Важное дело
Лежа на животе, он поболтал ногами, и ему показалось, что под ним пропасть. И, хотя он знал, что этого не может быть, холодок пробежал по его спине.
Несколько секунд он лежал неподвижно в том же неудобном положении, потом, слегка оттолкнувшись руками, подвинулся назад и наконец почувствовал под собой почву. Он осторожно поставил сначала одну ногу, затем вторую, сжался весь и просунул туловище в овальную дыру. Видимо, он преждевременно поднял голову и тут же поплатился за свою нерасчетливость, хорошо еще шапка-ушанка смягчила удар.

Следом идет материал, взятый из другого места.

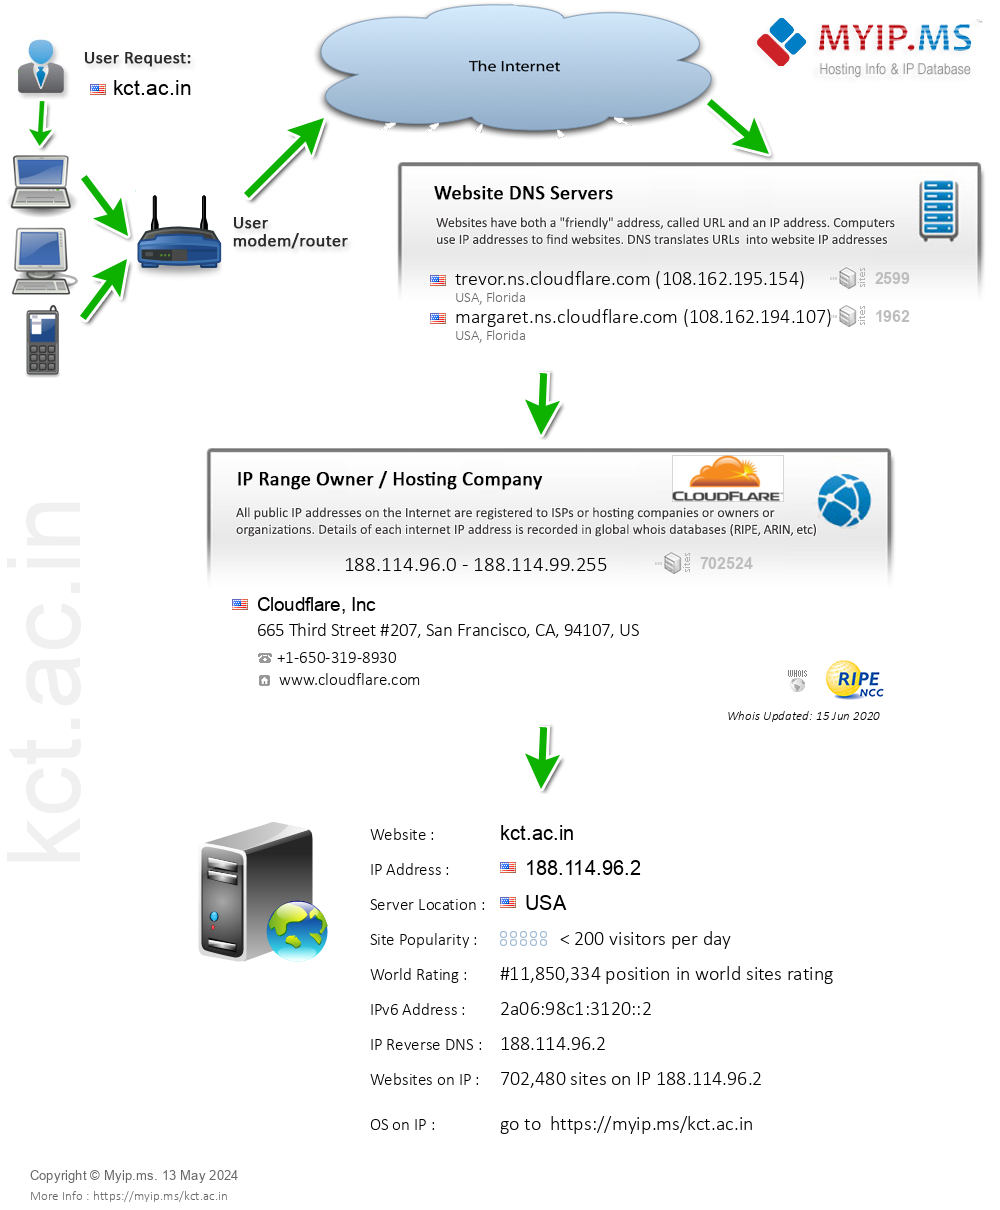 Kct.ac.in - Website Hosting Visual IP Diagram
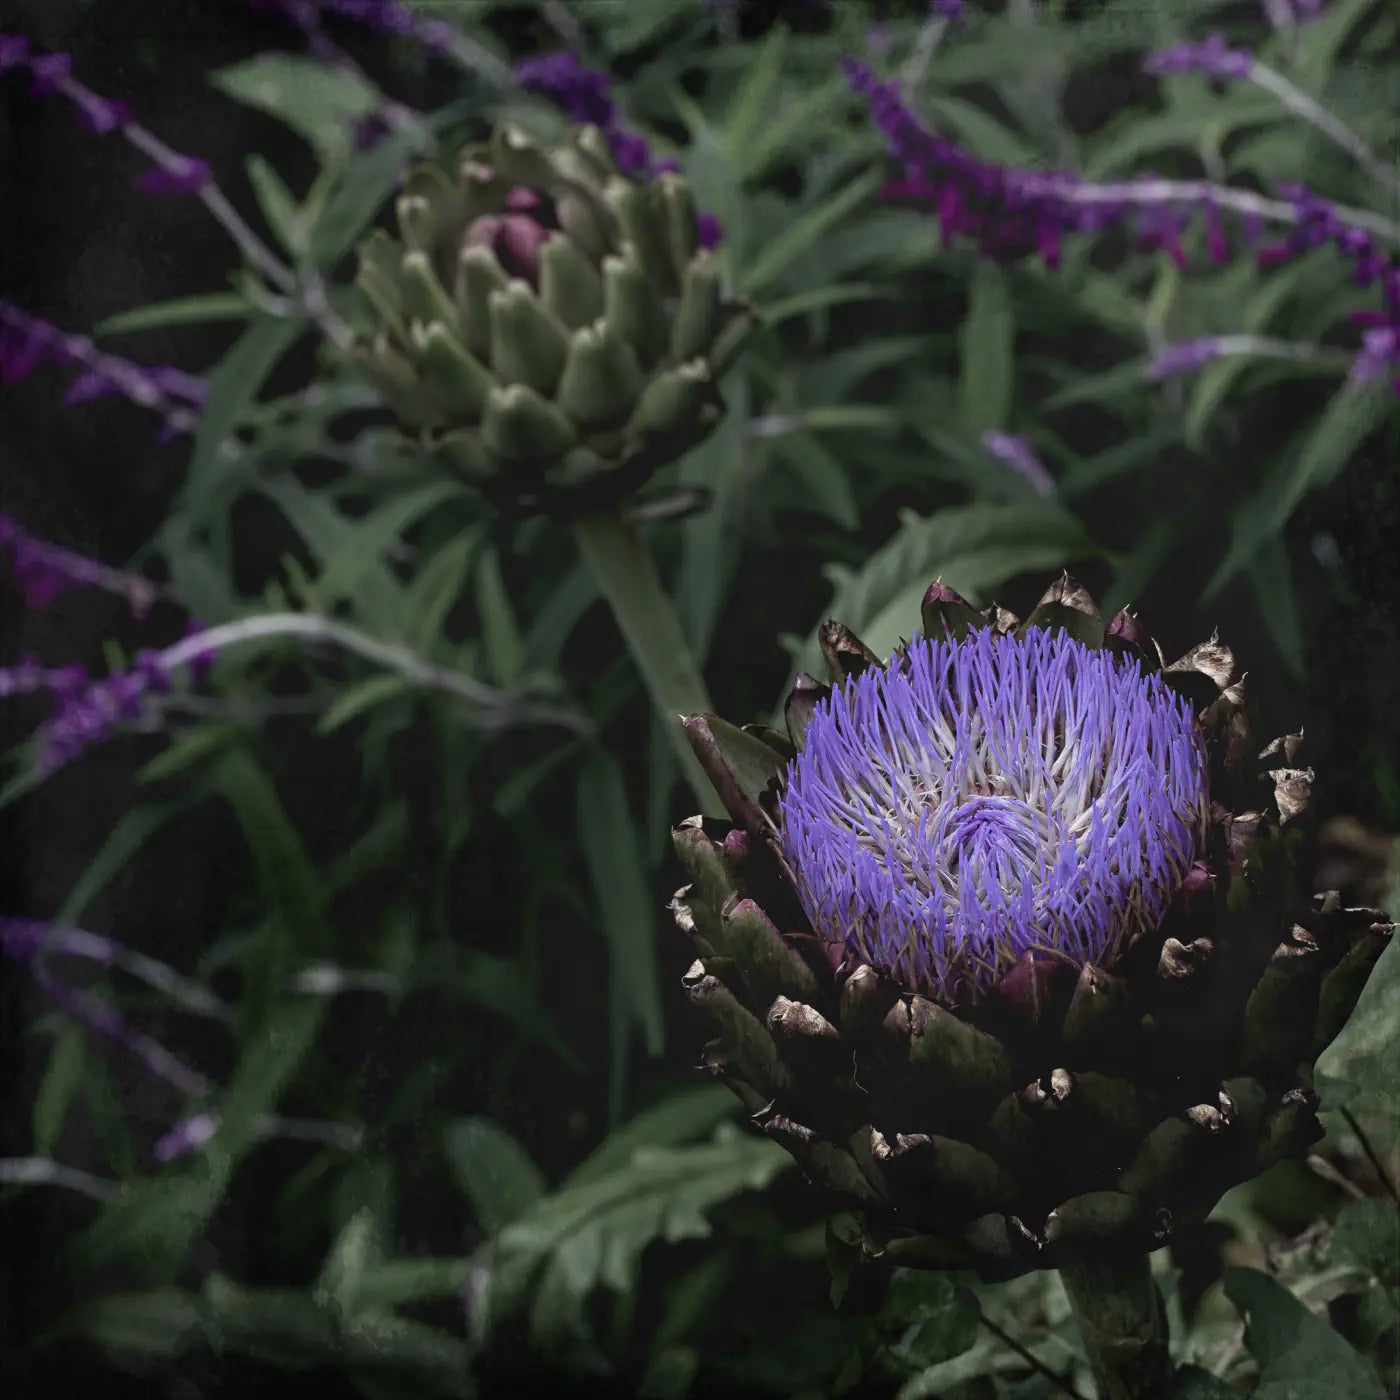 fine-art photo of an artichoke flower

Душный, сухой мрак плотно обступил Митю со всех сторон. Он долго стоял сгорбившись, не решаясь пошевелиться, пока не различил овальную дыру, из которой струился слабый свет. Он уже нащупал в кармане короткий скользковатый огарок свечи, спичечный коробок, когда совсем близко раздались голоса и грохот шагов.
Потом стало тихо. И в тишине послышались какие-то свистящие неумолчные шорохи. Он понял, что это шепчутся сквознячки. Пламя свечи подтвердило его догадку: золотая капелька пламени на черном стерженьке фитиля зябко покачивалась, готовая в любой момент скатиться с огарка. Но сквознячки были очень слабы, они не могли ни задуть свечу, ни расшевелить застоявшийся горьковато-теплый и едкий воздух.
Мите представлялось, что находится он в глухой пещере, из которой и выхода другого нет, кроме этой узкой щели, или в кратере потухшего вулкана, и тяжелый воздух, который ест глаза, — это дыхание земли, проникающее сюда из невероятно далеких глубин. И, хотя это была не пещера и не кратер вулкана, а всего-навсего тесная и темная с невысоким полукруглым сводом паровозная топка, или, как ее называют производственники, огневая коробка, для Мити здесь заключалось не меньше загадок и тайн, чем в любой пещере или кратере вулкана.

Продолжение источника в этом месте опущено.